This thesis aims to improve the performance of Revolve and research the morphological effects of different fitness functions. The initial stages involved breaking down Revolve to analyze its different computational phases. Revolve executes a typical Evolutionary Algo-rithm iterations of evaluation, selection, and mutation, with the addition that robot evalua-tion is completely inside simulators. Addievalua-tional analysis lead to the bottlenecks specifically caused by the Robot Evaluations and Data Exportation stage. With the bottlenecks and computation time known, we have estimated the theoretical speedup using Amdahl’s Law. We used this Law as a guideline and as a bound on the possible speedup. Increasing the performance depended on the evaluation stage needing a better way of distributing robots over simulators. Therefore, we used the Python-based library Celery. Celery implements a Distributed Task Queue, enabling distributing robots over several workers and simulators efficiently.
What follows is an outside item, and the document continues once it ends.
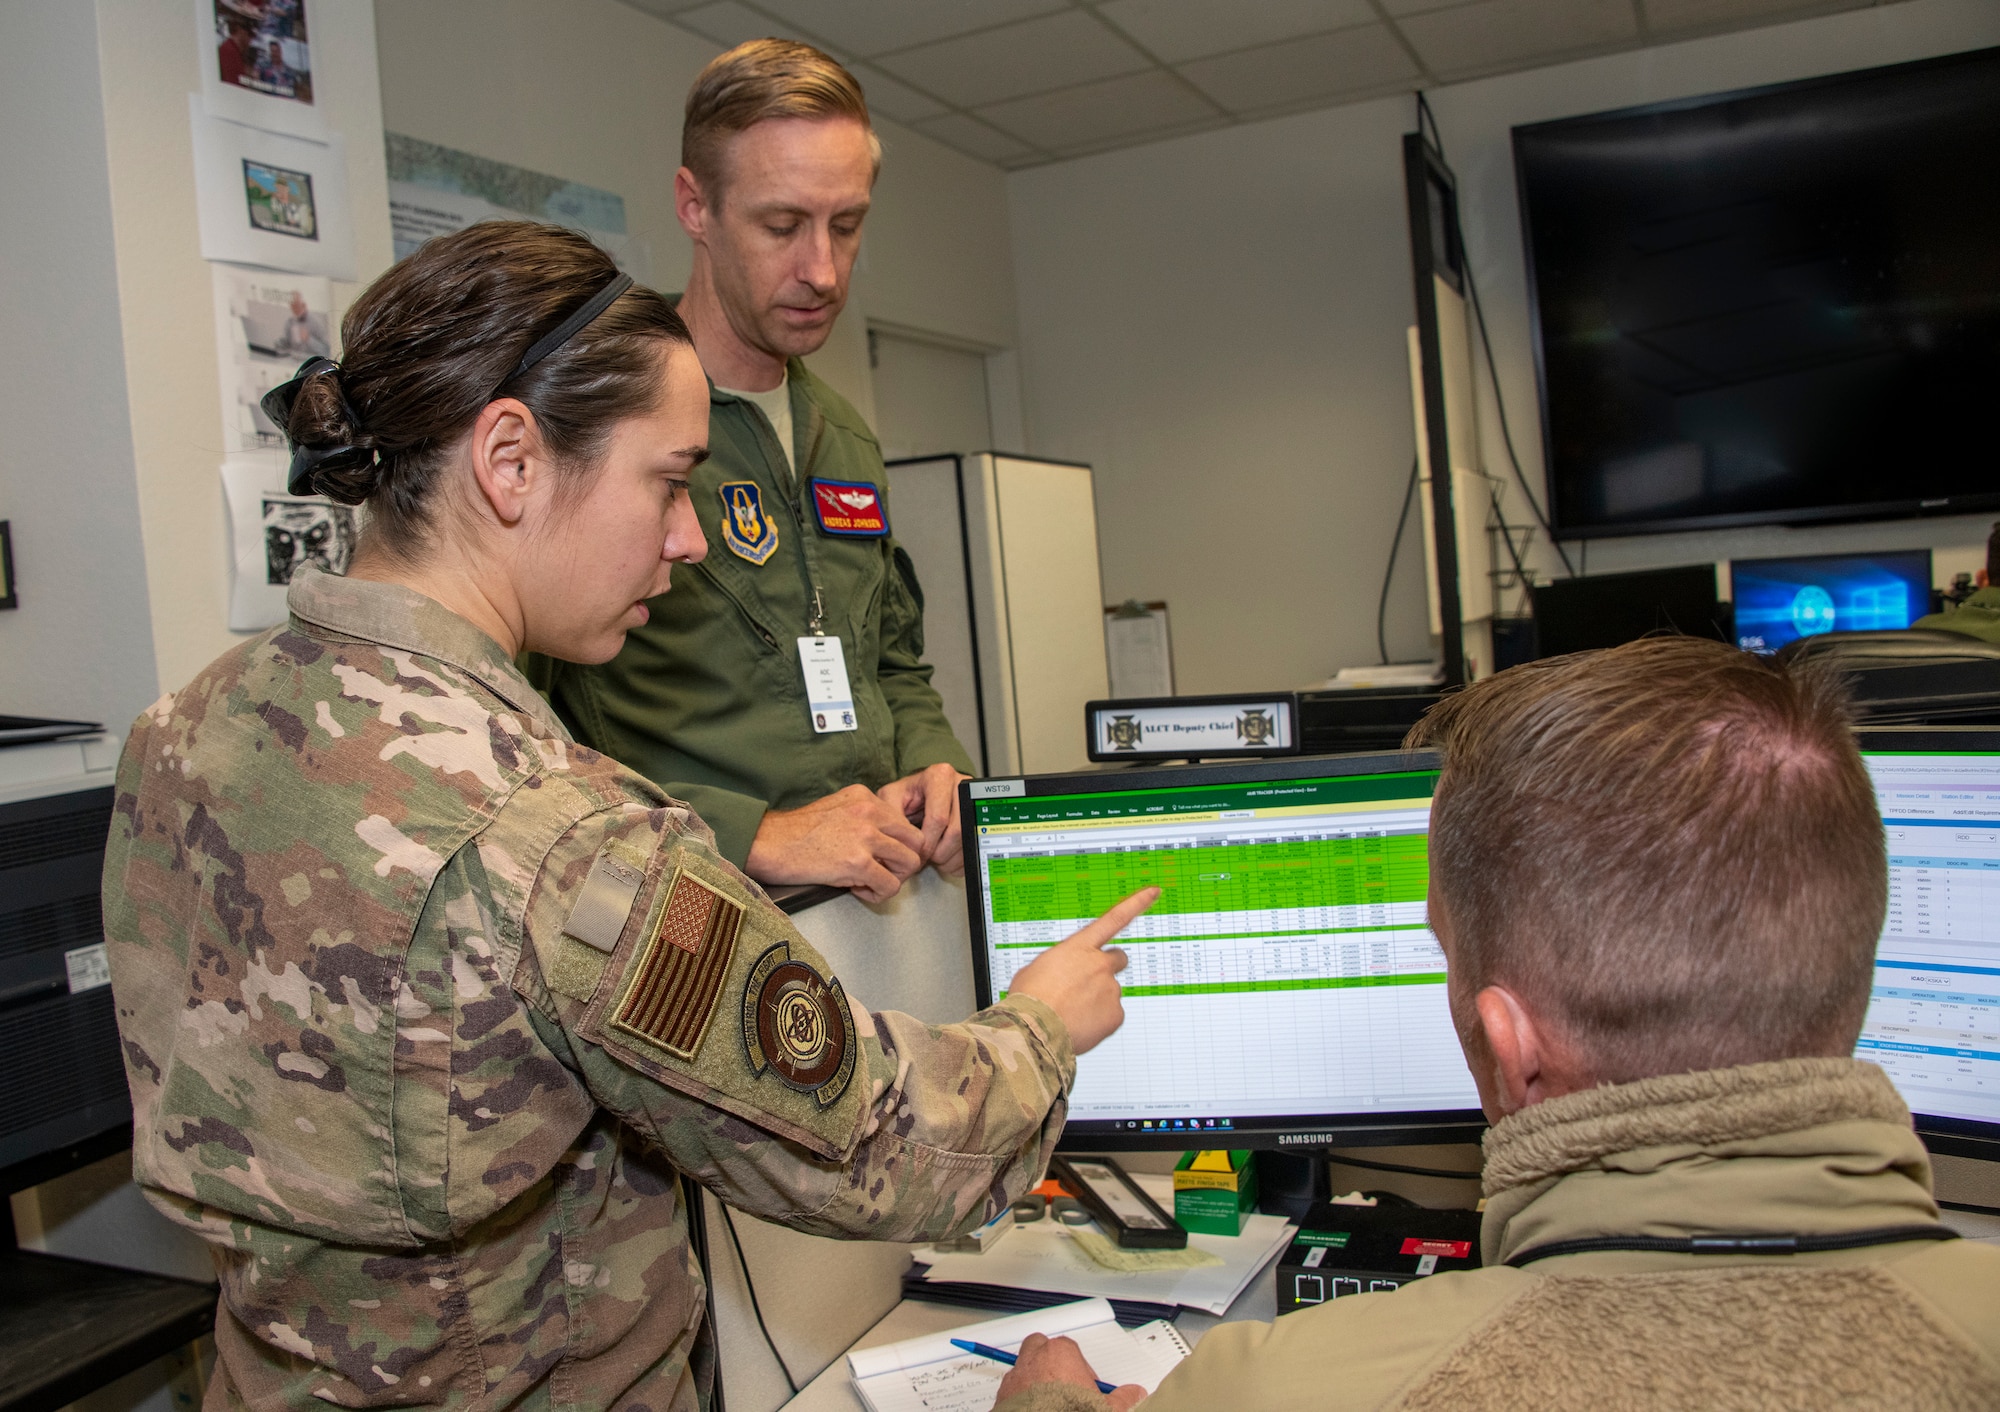 U.S. Air Capt. Lauren Allen, left, 321st Air Mobility Operations Squadron executive officer, Maj. Andreas Johnsen, center, 349th AMOS airlift control team chief and Tech. Sgt. Sam Caryl, 321st AMOS squadron requirements planner, study data files at the Weapons Systems Suite in the Air Operations Center during exercise Mobility Guardian Sept. 25, 2019, at Travis Air Force Base, California. MG19 is Air Mobility Command’s flagship exercise for large-scale, rapid global mobility operations. Forty-six U.S. aircraft joined aircraft from 29 international partners, along with more than 4,000 U.S. and international Air Force, Army, Navy and Marine Corps aviators. (U.S. Air Force photo by Heide Couch)

Furthermore, robots are exported during the evaluation of the next generation of robots, improving parallel performance.

The results of this new architecture created a worker pool that has access to a pool of simulators. We calculated the maximum theoretical speedup based on the number of workers and compared it to the observed speedup. The best speedup on our machines, given by Table 3.2, is achieved using 16 workers, where the theoretical speedup is 11.4x, and the observed speedup is 7.4 times. However, increasing the number of workers leads to fewer experiments we can run in parallel. We used a formula to calculate the efficiency of using multiple workers, which showed us that a single experiment on a machine works best with 16 workers. If Revolve needs to execute multiple experiments, then the best option is eight workers per experiment - resulting in a 2.3x speedup. Thus, the number of workers depends on the number of experiments we want to compute in parallel.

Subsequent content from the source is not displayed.